Critics questioned if the definition as set out by Deng in 1984 would narrow over time to just suit what the NPCSC of the day demanded, such as, for example, supporting wholeheartedly the dream of Chinese rejuvenation. But Tam dismissed such concerns.

He urged critics to take reference from Article 104 of the Basic Law which reflected the spirit and substance of what Deng meant by patriots ruling the city.

“Article 104 requires officials, lawmakers and judges to uphold the Basic Law and pledge allegiance to Hong Kong as a special administrative region of China. It’s also a basic requirement for patriots to abide by the city’s laws, including the national security law, and support one country, two systems.”

Asked if patriots could freely criticise the central and local governments without their loyalty being questioned, Tam said: “Yes, you can criticise if you want the government to improve. As a NPCSC delegate, I have made a lot of suggestions on how certain mainland legislations can be improved.”

But the catchphrase would redefine not just the role of the opposition, Ip said, but also how the pro-establishment camp sought to prove its relevance in the changed political landscape.

There could be intra-camp contest to prove one’s patriotism, he said. “But it would be a positive kind of competition,” he added.

But Lau Siu-kai saw danger ahead, especially if the pro-establishment camp no longer had a credible opposition to unite against.

Hong Kong liberal studies: spotlight on national security, lawfulness, patriotism

“Pro-establishment politicians could be challenged by new patriotic forces within the camp … In the face of competition, they could be worried whether they are still up to the standard of patriotism,” he said.

A pro-Beijing leader admitted a focus on patriots governing Hong Kong could leave pro-establishment politicians, regardless of their age, worrying about proving their loyalty.

The insider said the bloc’s leaders were unlikely to put an end to such internal competition, as long as the rivalry highlighted the importance of national sovereignty and security.

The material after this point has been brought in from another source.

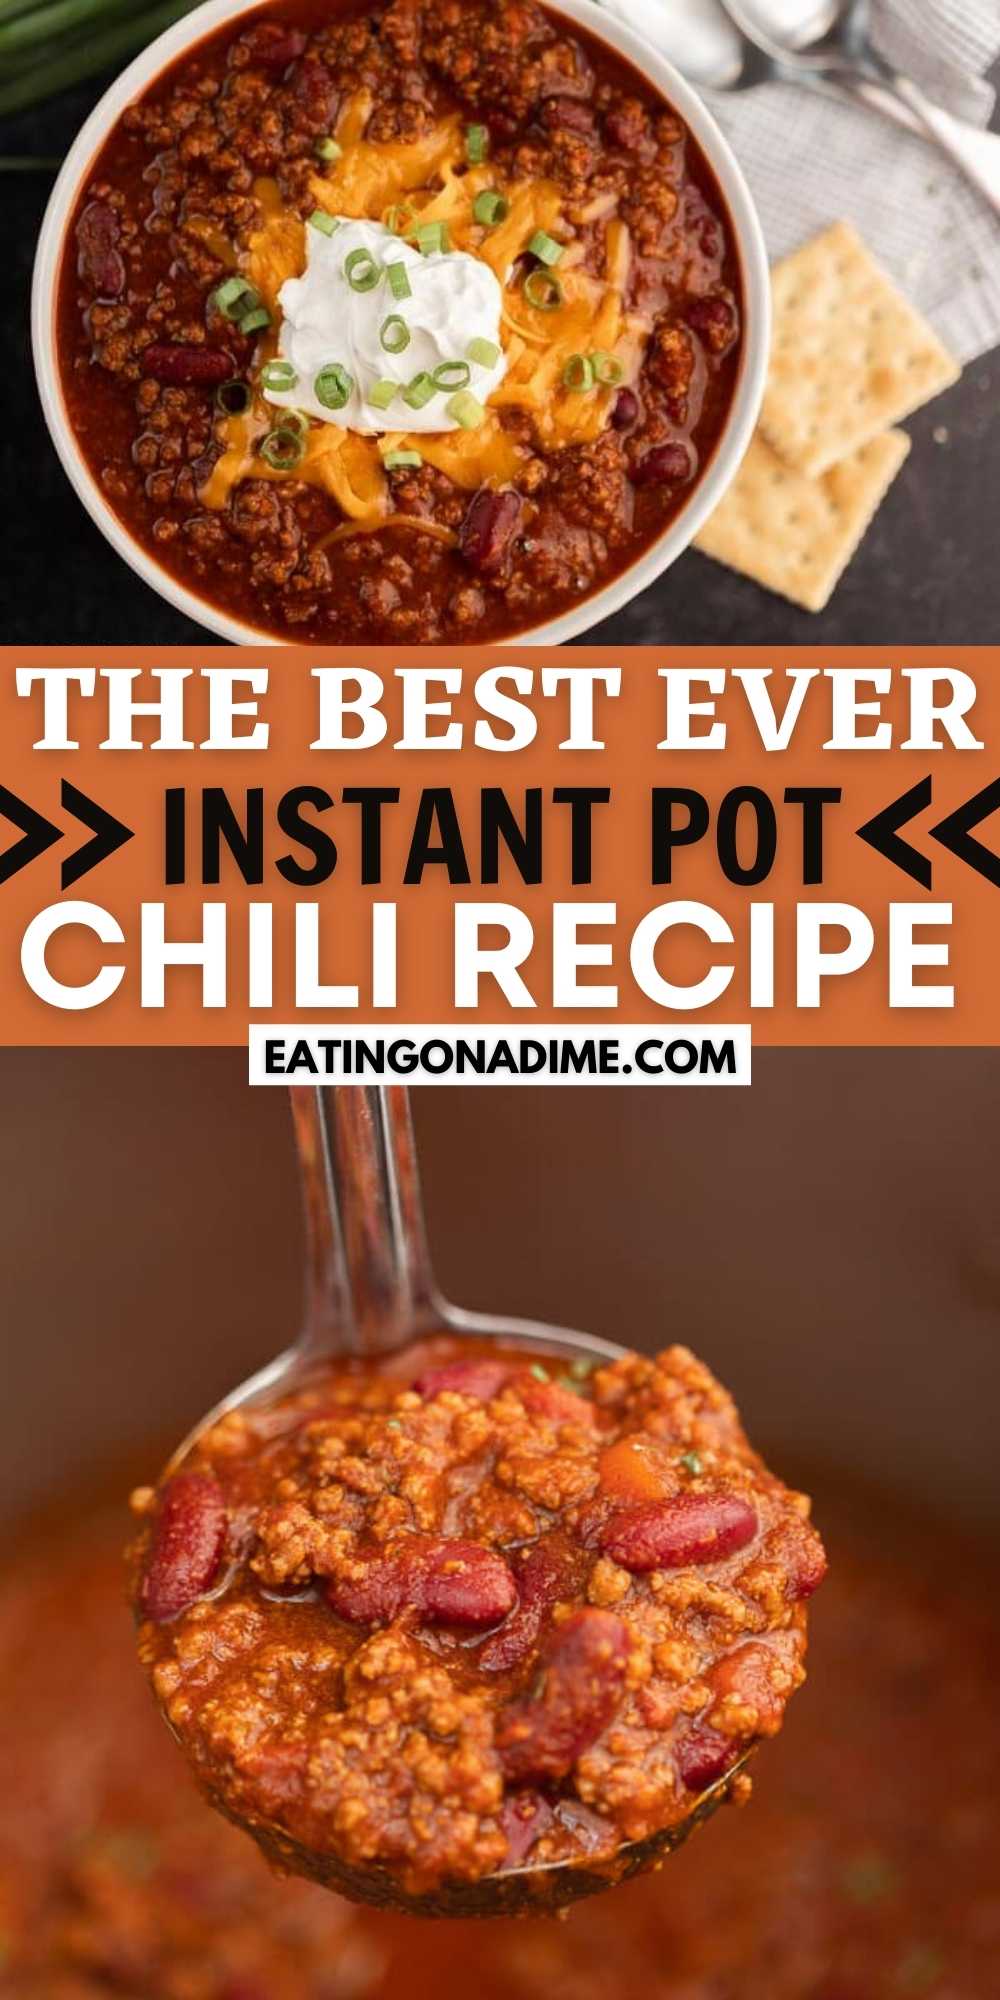 https://www.eatingonadime.com/wp-content/uploads/2021/10/Instant-Pot-Chili-Recipe-3.jpg
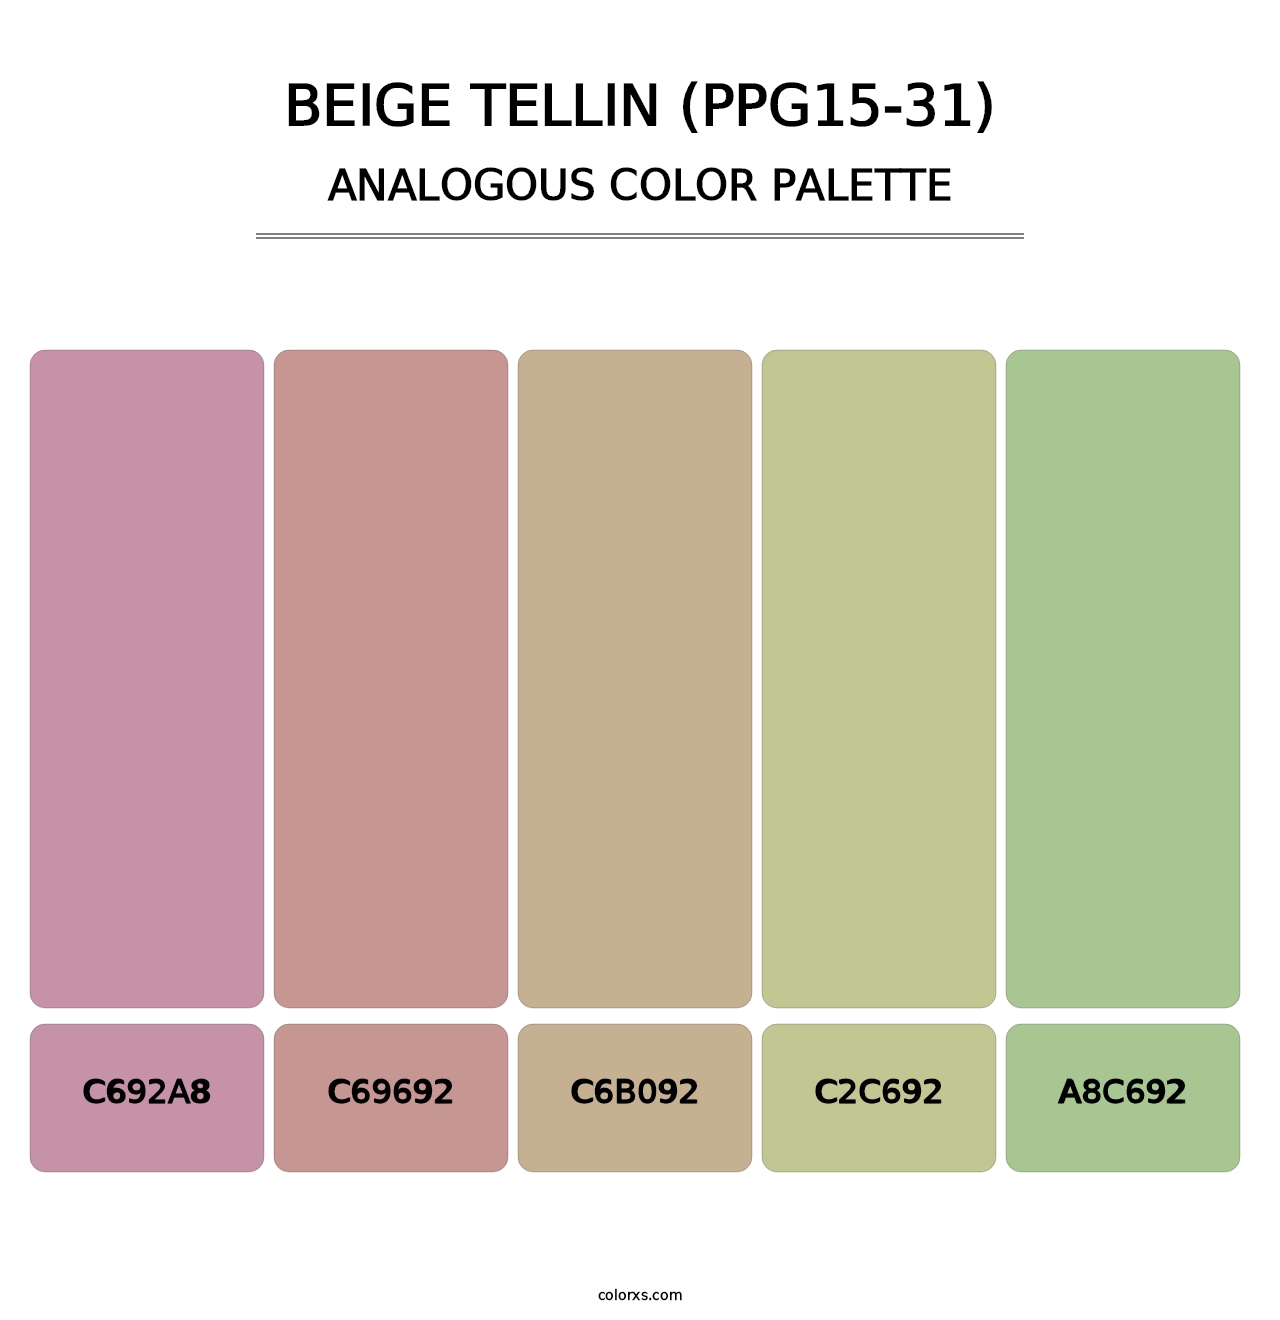 Beige Tellin (PPG15-31) - Analogous Color Palette

“The activists from the other side of the camp were also very vocal, and our supporters have blamed us for being too moderate when people are jeopardising one country, two systems,” he said.

For now, DAB activists said they were not too worried about competition in their own camp. They singularly focused on expanding their reach. Whether it was the opposition or young people, they need not identify with the Communist Party to be deemed patriots; they just needed to show they cared about the city and country, even if they chose to be critical, Brave Chan said. “They can criticise the country and suggest improvements, but we hope that they won’t curse China,” he said.